It all began on June 16, 2015, when Trump announced he would run for president. He used the speech as an opportunity to also share how he feels about Mexicans immigrating to the United States: “When Mexico sends its people, they’re not sending their best,” he said. “They’re sending people that have lots of problems, and they’re bringing those problems with us. They’re bringing drugs. They’re bringing crime. They’re rapists. And some, I assume, are good people.”
During that same speech, Trump put forth another controversial proposal: the construction of a border wall between the United States and Mexico.
And he followed that up with a promise, a few days later, that he would make Mexico pay for the 1,000-mile wall, at a price tag of $10 billion.
After former Mexican President Vicente Fox promised that Mexico would not be paying for the “f*cking wall,” Trump told CNN anchor Wolf Blitzer: "Mexico will pay for it, because they are not doing us any favors. They could stop all of this illegal trade if they wanted to immediately. Mexico will pay for the wall. It's a small portion of the kind of money that we lose and the deficits that we have with Mexico.”
To further fan the flames, the candidate said in April of this year that financing for the wall would come from remittances that Mexican immigrants send to Mexico. Trump said that the nearly $25 billion sent home by Mexicans living abroad in 2015 “comes from illegal aliens.”
(According to a Government Accountability Office report, it’s impossible to know how much is sent by those in the country working illegally versus legally.)

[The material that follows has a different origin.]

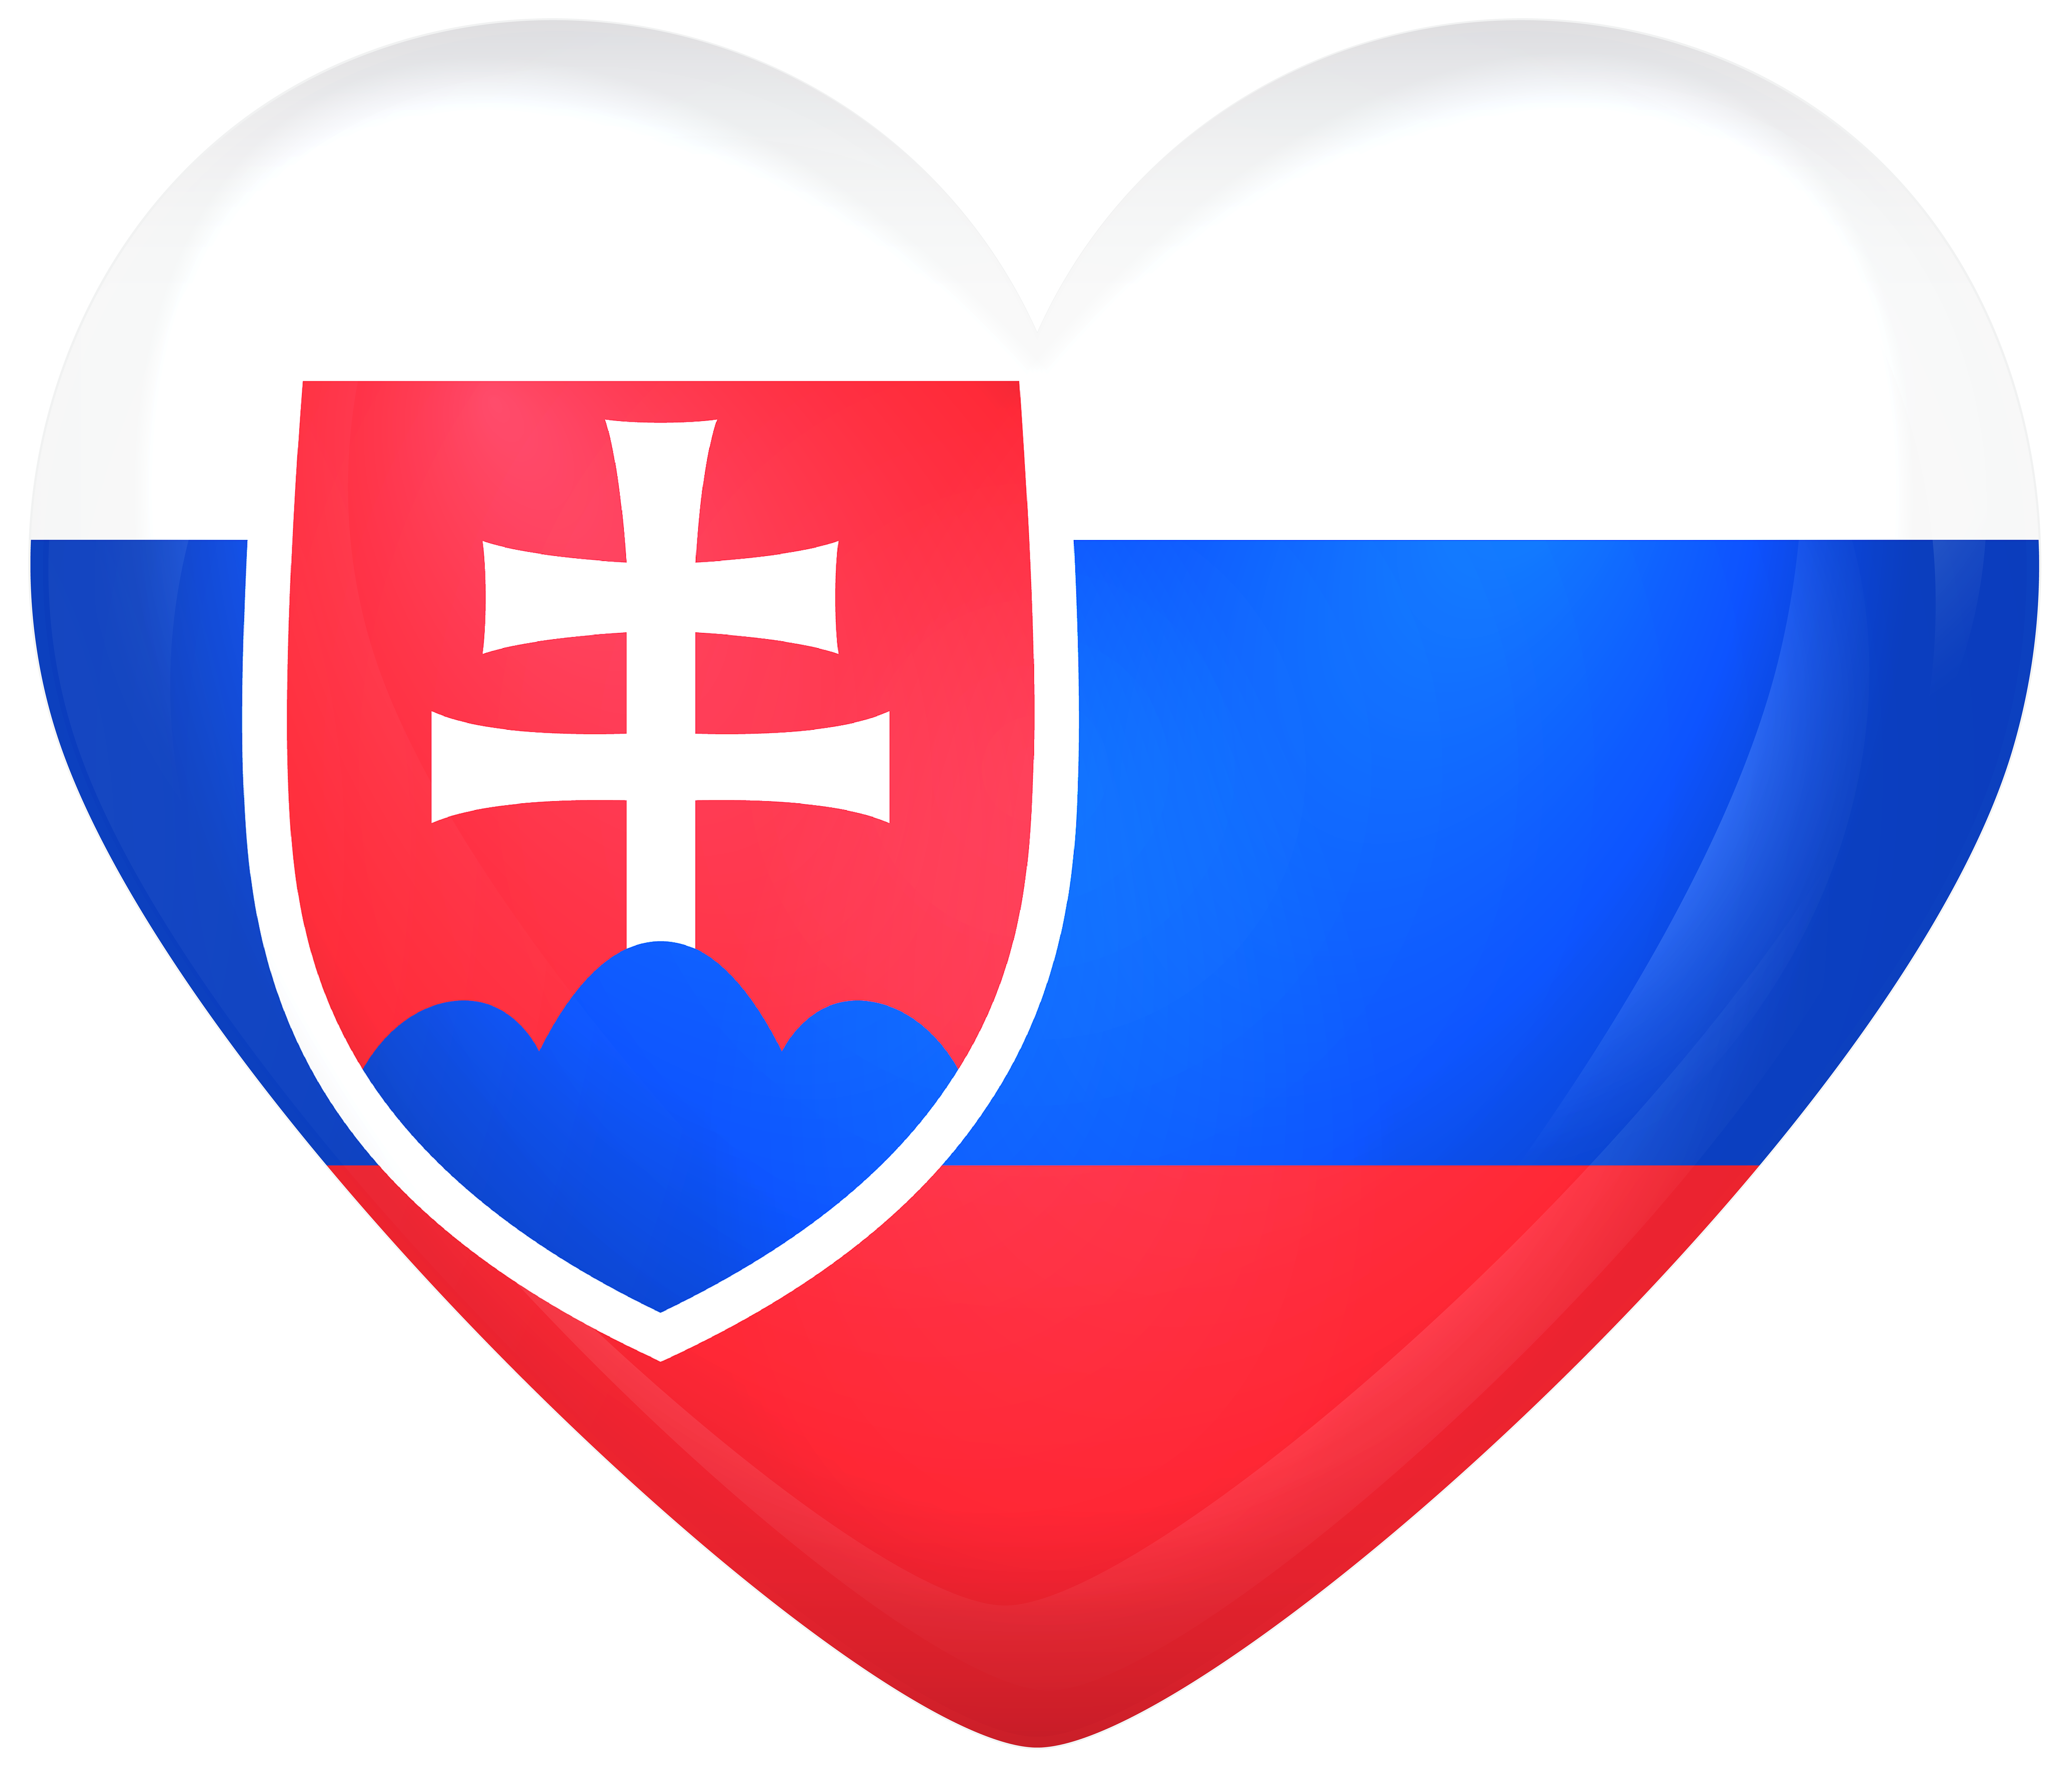 Slovakia Large Heart Flag | Gallery Yopriceville - High ...

Remittances make up 2% of Mexico’s GDP.
Trump has also promised to deport more than 11 million undocumented people in the United States.

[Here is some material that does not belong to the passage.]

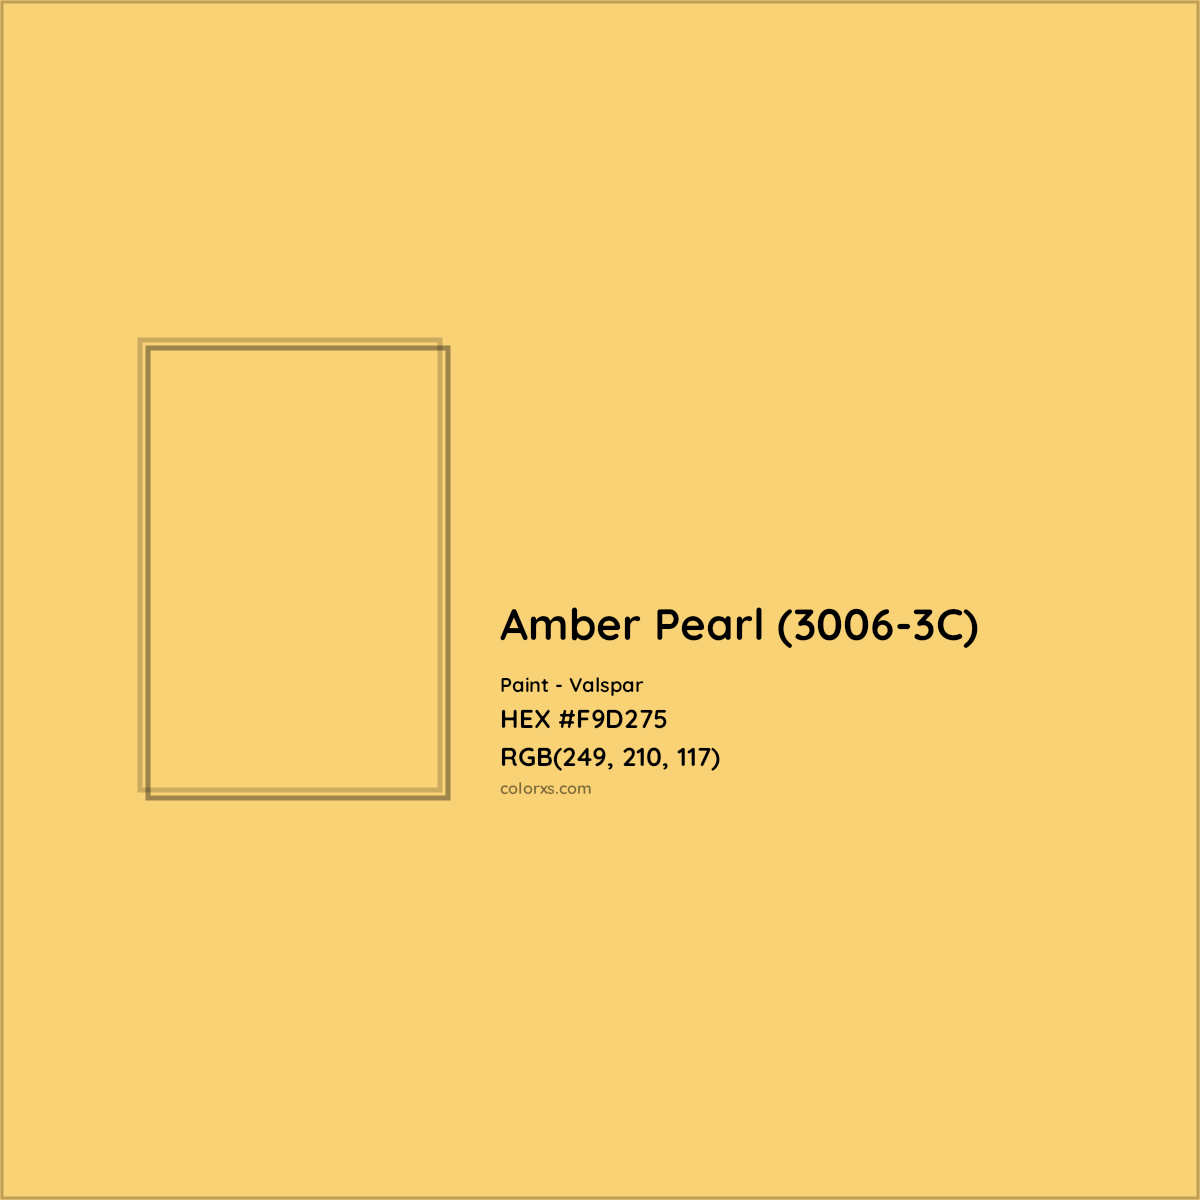 HEX #F9D275 Amber Pearl (3006-3C) Paint Valspar - Color Code

And of course, there were comments about U.S. District Court Judge Gonzalo Curiel.
After Curiel ordered Trump University to make public internal documents as part of a civil fraud lawsuit against Trump University in May, Trump attacked the judge as “an enemy of Donald Trump” and “a very hostile judge” who is “Mexican.”

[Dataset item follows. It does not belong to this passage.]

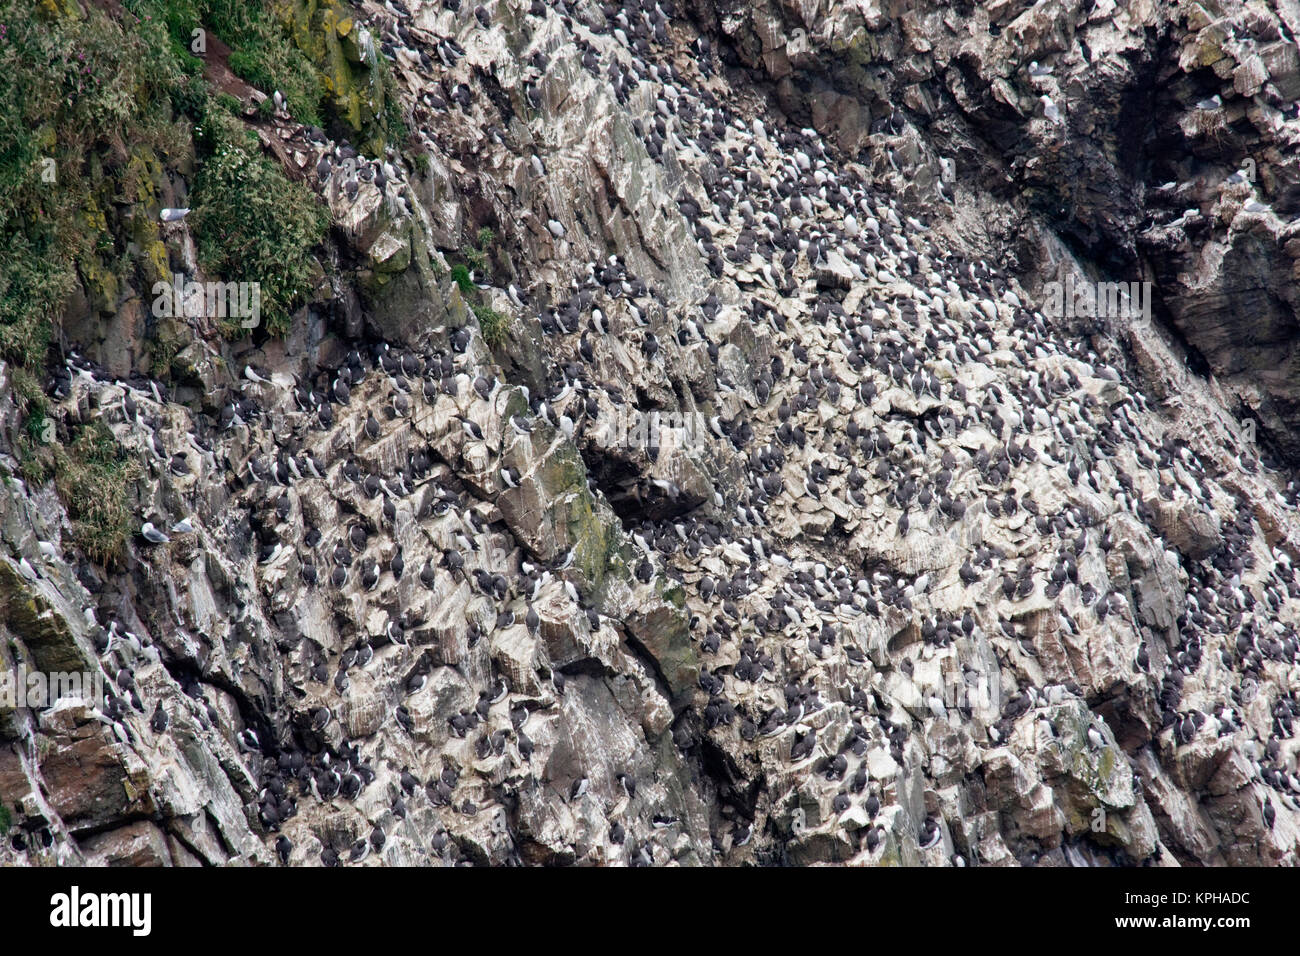 Guillemot nesting colony on cliffs at Skomer Island, Wales Stock Photo

Trump told The Wall Street Journal that the judge’s "Mexican heritage" and membership in Latino lawyers associations represented an "absolute conflict" of interest in the case.
Trump even criticized the Pope over Mexico.
Ahead of Pope Francis’ visit to the U.S.-Mexico border in February, Trump expressed his disapproval: “I think that the pope is a very political person. I don’t think he understands the danger of the open border that we have with Mexico. They’re making a fortune, and we’re losing.”
In March, Peñna Nieto compared Trump’s rhetoric to that of Nazi leader Adolf Hitler.
In the past two weeks, Trump has appeared to be distancing himself from previous hard-line statements he made about immigration. After his visit with Peña Nieto, Trump will travel to Phoenix, Arizona, where he plans to unveil his immigration plan tonight.